Books with outdated language and racial stereotypes such as “Uncle Tom’s Cabin” or “Gone with the Wind” are also on library shelves, as they should be. The right approach is to *teach* these books; to offer context and a critical eye, not to deny access. Hiding the world from children does not serve them.

We also know that book banning rarely happens in a vacuum. We already see that this is part of a larger effort to constrain the educational space in the U.S., to extend the hand of government to bar certain ideas from classrooms and libraries, and particularly to silence conversations about U.S. history, and the voices of people of color and LGBTQ+ people.

At PEN America we defend the freedom to write globally. We advocate on behalf of writers who are harassed and put in prison around the world because their words were deemed a threat to those in power. And we know that book banning is an authoritarian tactic; a tool of tyrants. It’s one we associate with Nazi Germany, Apartheid South Africa, and Putin’s Russia.

Last year, “Maus,” Art Spiegelman’s graphic novel about the Holocaust, based on his own family’s story, was banned in Tennessee. I wondered if PEN America had ever spoken about it being banned before, and in fact we had, after it was pulled from bookstores in Moscow in 2015. One of Putin’s tactics of repression and control has been to silence conversations about history that don’t fit his preferred narrative.
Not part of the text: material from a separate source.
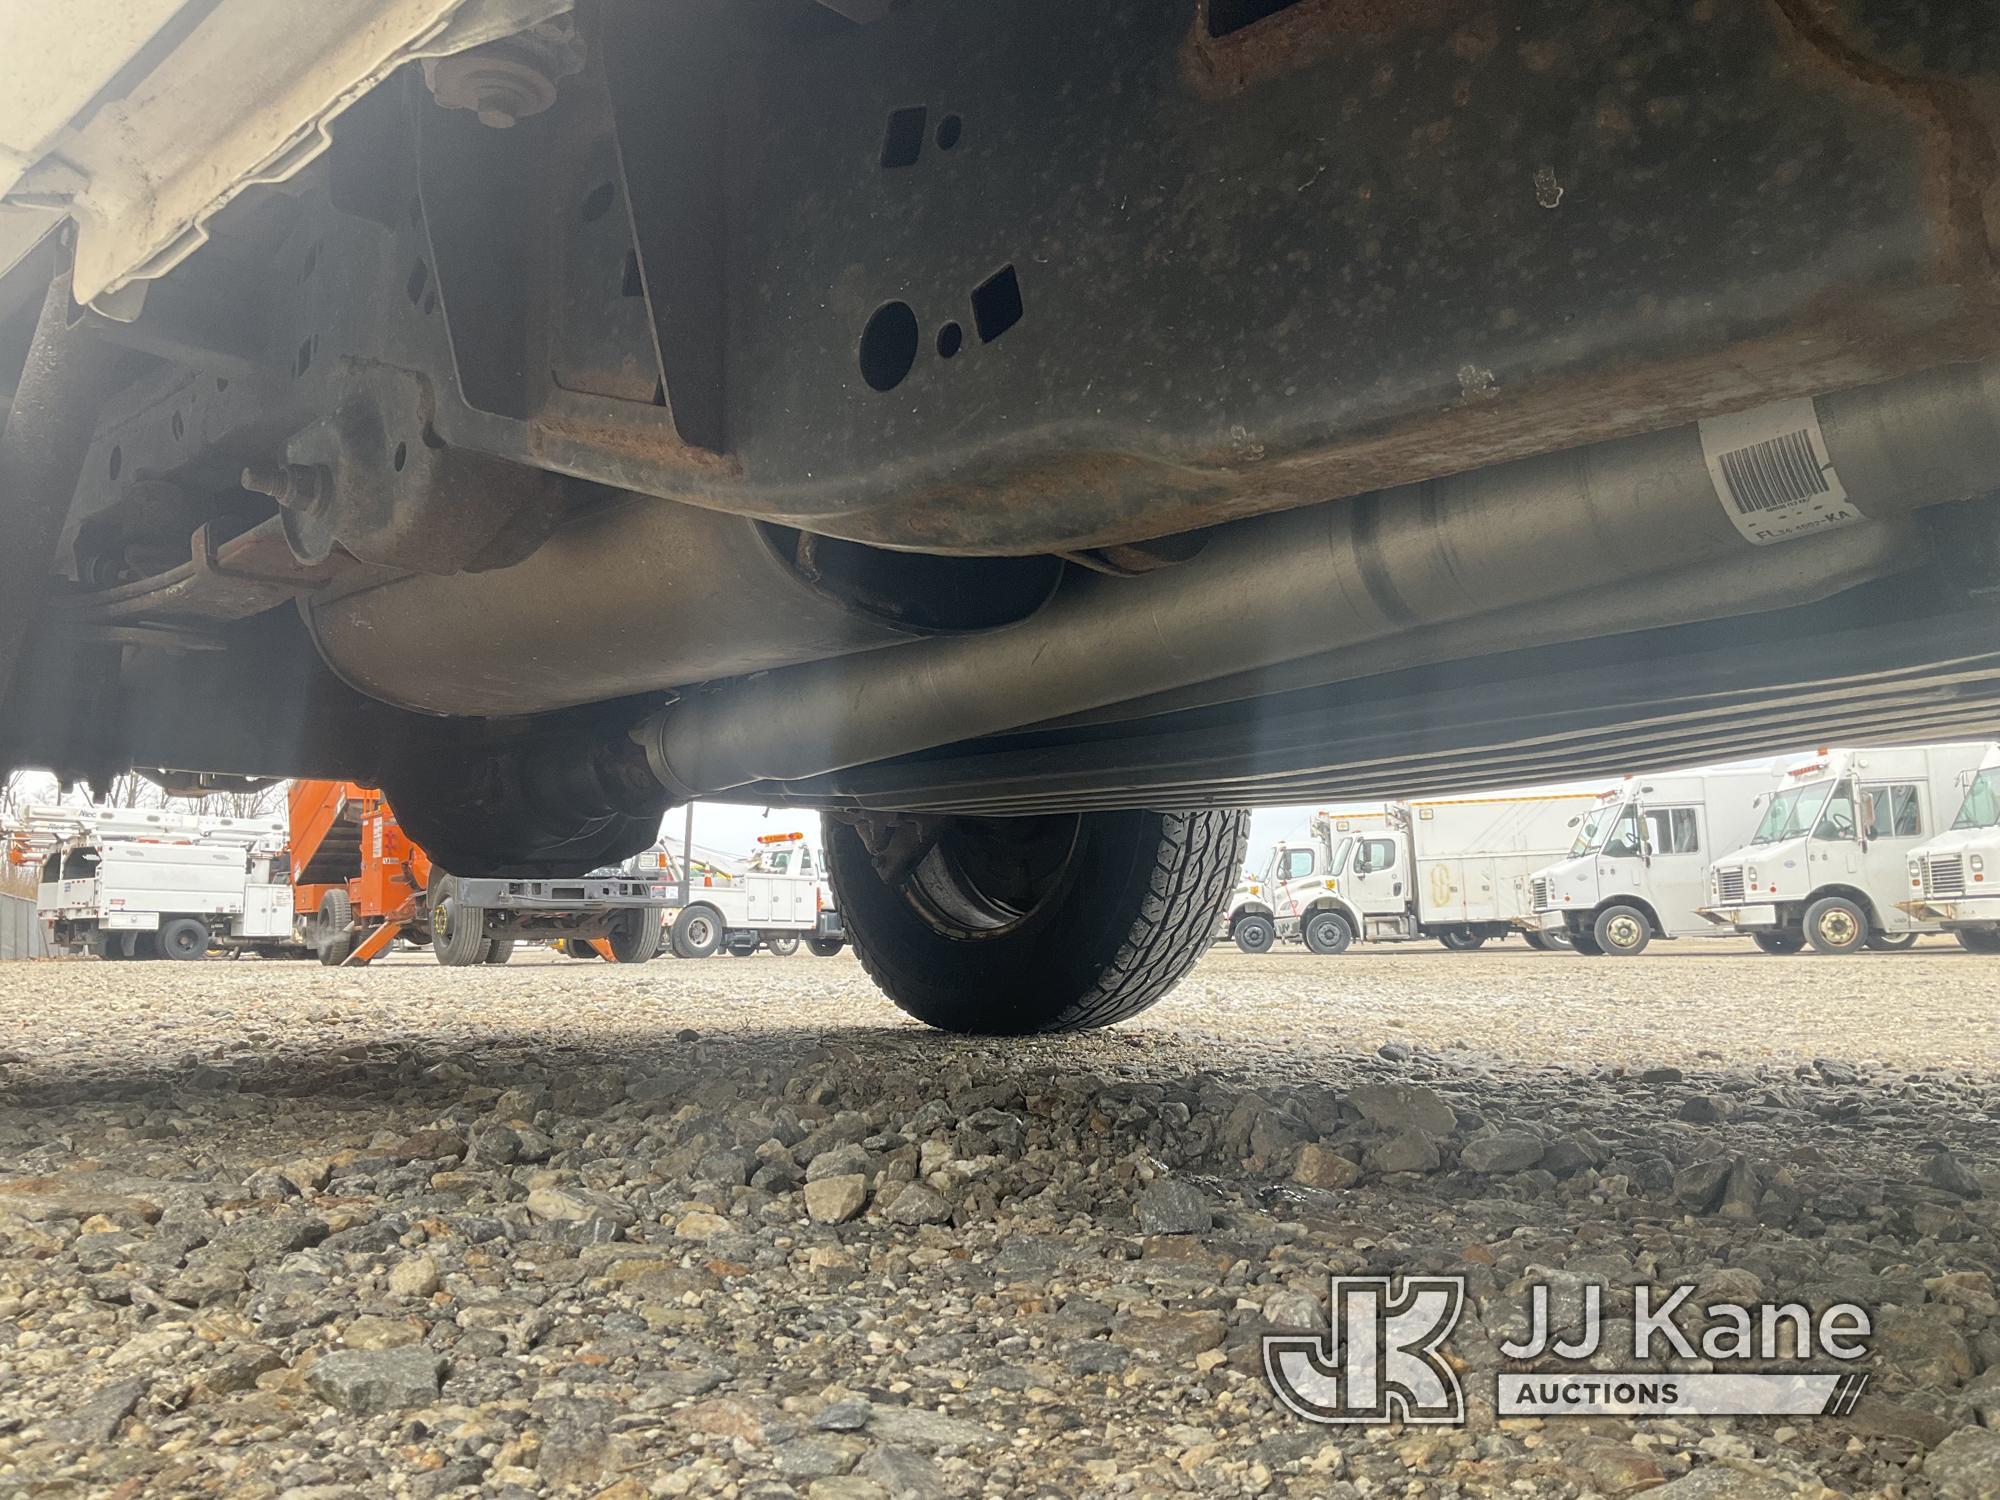 (Shrewsbury, MA) 2015 Ford F150 4x4 Extended-Cab Pickup Truck Runs & Moves) (Body & Rust Damage, Mis
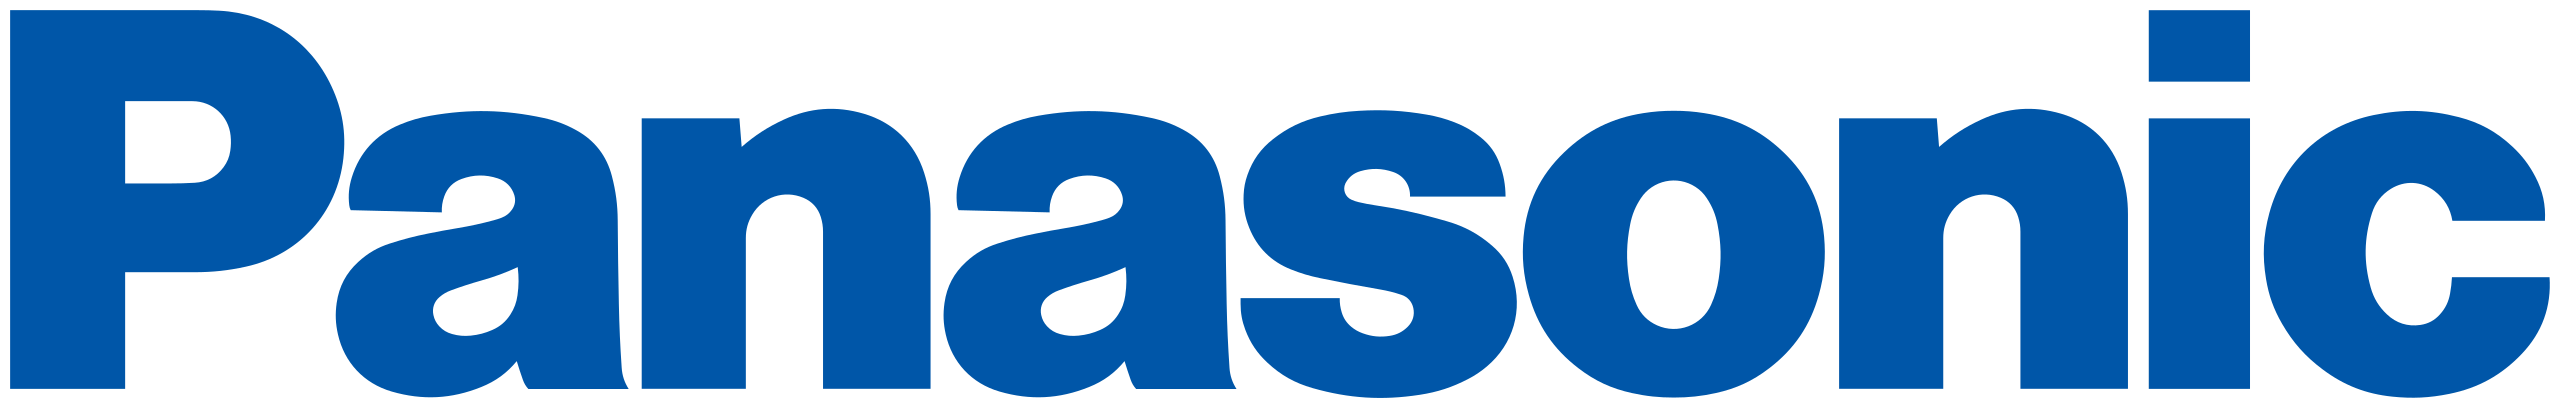 Napier-Heat-Pumps-Panasonic-logo

He has put historians in prison for uncovering and telling the truth about the crimes of the Stalin era.

Much of what Governor Ron DeSantis has done in Florida, including the politicized takeover of the progressive, public liberal arts New College of Florida, follows the playbook of Hungary’s Viktor Orban, who banned gender studies and drove the Central European University out of the country altogether.

And Florida’s “don’t say gay” bill bears a striking resemblance to the so-called “gay propaganda” law that has been in place in Russia since 2013. Hungary too has a similar law, and they just levied a hefty fine on a bookstore chain for selling a graphic novel with LGBTQ+ themes in its youth section.

Authoritarians silence the most vulnerable voices first so that you might get used to it, but it’s highly unlikely to stop there. And authoritarians go after books and writers because words and stories are powerful. They allow people to imagine a different, better world.

So it’s essential that we push back against big bans; that we speak out in defense even of controversial books. You might not be sure if you would ever share a particular book with your own child, and that’s your right to decide, but every other parent has the right to make the same decision.

And children have the right to experience the joy of discovering books for themselves. Books are powerful; words are powerful. They would not be targeted by authoritarians around the world if they were not. That’s why we all have to stand up for the freedom to read, the freedom to write, the freedom to learn. In our communities, and our nation as a whole.

New Hampshire gave us the phrase “live free or die,” and what could be more fundamental to freedom than the right to choose what ideas to read about, what stories to hear, what concepts we agree with or disagree with? And to know that one’s own story is worth telling.